The record of farm goods and produce he sold for cash includes cows, oxen, hogs, horses, hay, buckwheat, wood, milk, butter, eggs, hard cider (my great-grandfather also had a still), peaches, and apples. The list of purchased items is much, much longer.

"Modern Apple," Carol Crump Bryner, ipad painting

“Modern Apple,” Carol Crump Bryner, ipad painting

For years apples were a major source of revenue because, unlike peaches, they could be stored in a root cellar and sold throughout the winter.

Monday, October 5, 1914 – “Men busy picking apples, selling them. The trees are many of them loaded. Not very large, but seem to be good and sound.” – Lydia Jane Hall

Wednesday, October 7, 1914 – “Ellsworth sold his apples for 35 cents a bushel, to be carried off by the seventh of December.” – Lydia Jane Hall

My great-grandfather William’s 1873 diary includes names of apples he may have grown or thought about growing. (There are about thirty varieties on his list, but I’ve had to leave out some and guess at others because his writing is hard to decipher.)

  • Pown Sweets
  • Peck’s Pleasants
  • Stripe Pippins
  • Gilliflower
  • Maiden Blush
  • Wine Apple
  • New Town Pippin
  • Bell Flower
  • Roxbury Russets
  • Fair Maine
  • English Sweets
  • Hall’s Seedlings
  • James Linds
  • Citron Apples
  • Lord Thorntons
  • Baxter Greenings
  • Rome Apple
  • Black Pearmain
  • Fall Pippins
  • Roderick Greening
  • Red Stripe
  • Balmunds
  • Ruck Apples

I have no idea what kind of apples my mother is eating in this photo, or whether they were grown on the farm. In 1943 when my dad took this portrait of my mom in the fields below the farmhouse, there were probably still apple trees around, but I have a feeling the apples in the photo came from Young’s Apple Orchard, which was at the top of Whirlwind Hill. The orchard was still in business when I started living in Alaska in 1969, and I remember going there to buy apples one fall when I was visiting my parents. Mr. Young packed them up for me and shipped them all the way to the 49th State. What would my great-grandfather have thought of that!

Janet Hall Crump, 1943

Janet Hall Crump, 1943

On Monday:  The Room with Nine Doors

Washday

"Clothespin," Carol Crump Bryner, gouache, 2014

“Clothespin,” Carol Crump Bryner, gouache, 2014

My great-grandmother washed clothes every Monday, and she almost always wrote about it in her journal.

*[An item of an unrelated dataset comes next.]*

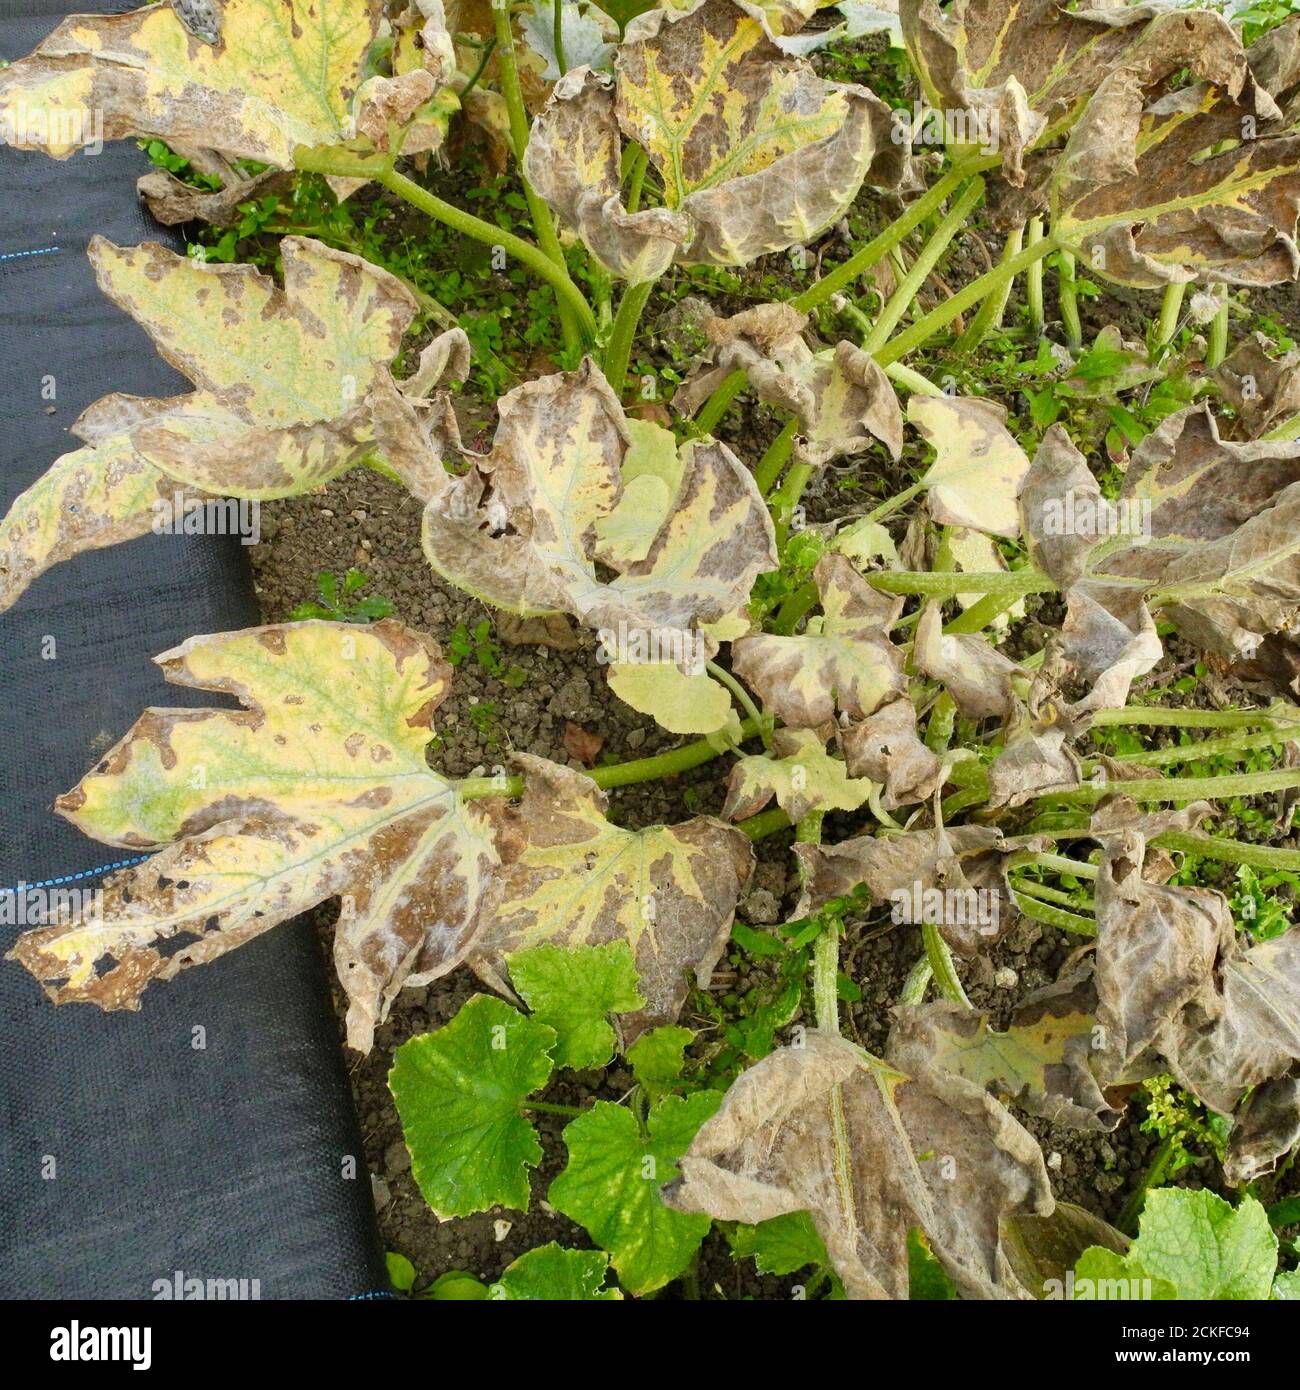 Esta imagen muestra la etapa inicial del mildiú polvoroso que afecta a las hojas de UNA PLANTA de COUGETTE. El mildiú polvoriento es una enfermedad micótica que afecta a una amplia gama de plantas. Las enfermedades del mildiú polvoriento son causadas por muchas especies diferentes de hongos en el orden Erysiphales, siendo Potoshaera xanthii la causa más comúnmente reportada. Común en CALABAZAS PEPINOS CALABAZAS CALABAZAS y otros miembros de la familia DE LAS CALABAZAS. Foto de stock

Monday, May 6, 1912 – “Another stormy Monday. Clothes washed and on the line. Pa sitting by the fire.” – Lydia Jane Hall

On Tuesdays she ironed.

Tuesday, May 7, 1912 – “Partly cleared. Clothes drying between the showers so they can be ironed.” – Lydia Jane Hall

Winter complicated the process.

Monday, January 29, 1912 – “Cold. Snowed all day. Washed, put out clothes, but didn’t dry. Brought them in frozen stiff, and dried them in the house.” – Lydia Jane Hall

Spring and summer brought better days.

Monday, April 1, 1912 – “Nice day. The best yet for washing. Clothes look nice. The birds are singing. Some are building their nests.” – Lydia Jane Hall

Monday, August 11, 1913 – “Nice cool day. Washing done at eleven o’clock – looks very nice and white.” – Lydia Jane Hall

Fall started the weather-related difficulties again.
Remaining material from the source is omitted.